Омба была не такой худой, как Мари, и гораздо ниже той ростом, хотя все равно оказалась бы выше любого мужчины из семьи Фаун. Фаун дала бы ей лет пятьдесят; это означало, что на самом деле ей скорее всего лет на пятнадцать больше. Одета она была примерно так же, как одевались женщины-дозорные, и Фаун решила, что штаны носят все Стражи Озера, которым приходится ездить верхом. Кожа Омбы, хоть и загорелая и обветренная, была более светлой, чем у Дага, а глаза имели красивый серебристо-голубой оттенок. Заплетенные в косу темные волосы, тронутые сединой, ничем не были украшены. Заметив лубок на руке Дага, Омба уперлась руками в бедра и воскликнула:
– Отсутствующие боги! Братец, что ты сделал со своей правой рукой? – После мгновенной паузы она добавила: – Отсутствующие боги, Даг, что ты сделал со своей левой рукой?

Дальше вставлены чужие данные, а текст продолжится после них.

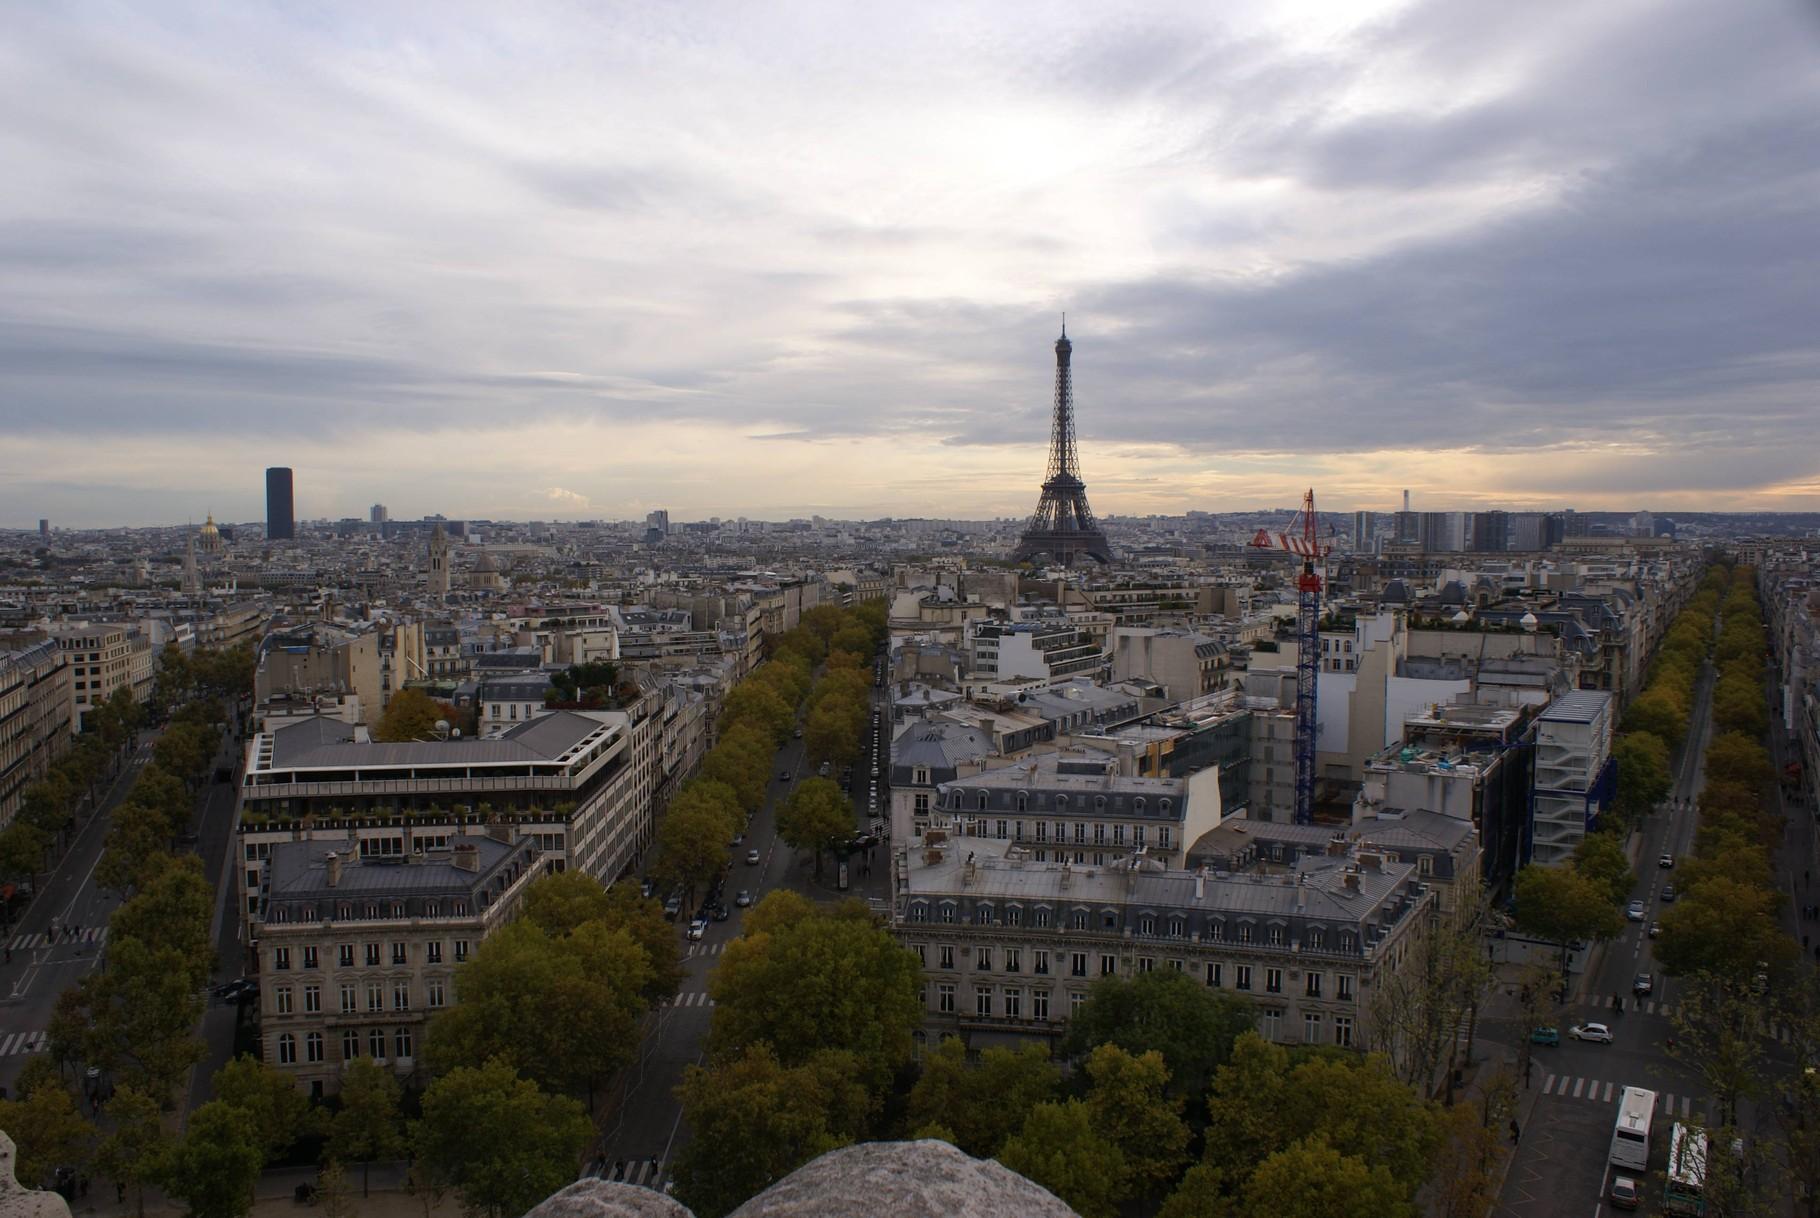 Paris - Blick vom Arc de Triomphe auf den Eifelturm

Даг с кривой улыбкой поздоровался с невесткой.
– Привет, Омба. Мы привезли тебе кое-что. – Он жестом предложил Фаун выйти вперед; она протянула Омбе связки подков.
Лицо Омбы озарилось радостью, и она схватила подарок.
– Как же они мне нужны! – Однако она замерла на месте, увидев тесьму на запястье Фаун; дыхание словно застряло у нее в горле. Омба посмотрела в лицо Фаун расширившимися глазами, разрываясь между недоверием и смятением. – Ты же крестьянка! Значит, ты та самая крестьянка…
На мгновение Фаун показалось, что для Стражей Озера есть какое-то тайное значение в том, что Даг исхитрился заставить Омбу принять подарок из рук Фаун, но ни времени, ни возможности для того, чтобы задать вопрос, у нее не было. Она сделала книксен и выдохнула:
– Привет, Омба. Я Фаун, жена Дага. – Она не стала претендовать на большую близость, говоря «Я твоя новая сестра»; это должна была решить сама Омба.
Омба повернулась к Дагу, и ее брови полезли вверх.
– И кем же это делает тебя, Даг Редвинг Хикори? Не считая того, что ты свалился в яму вниз головой?
– Мужем Фаун. Дагом Блуфилдом… это еще предстоит уточнить.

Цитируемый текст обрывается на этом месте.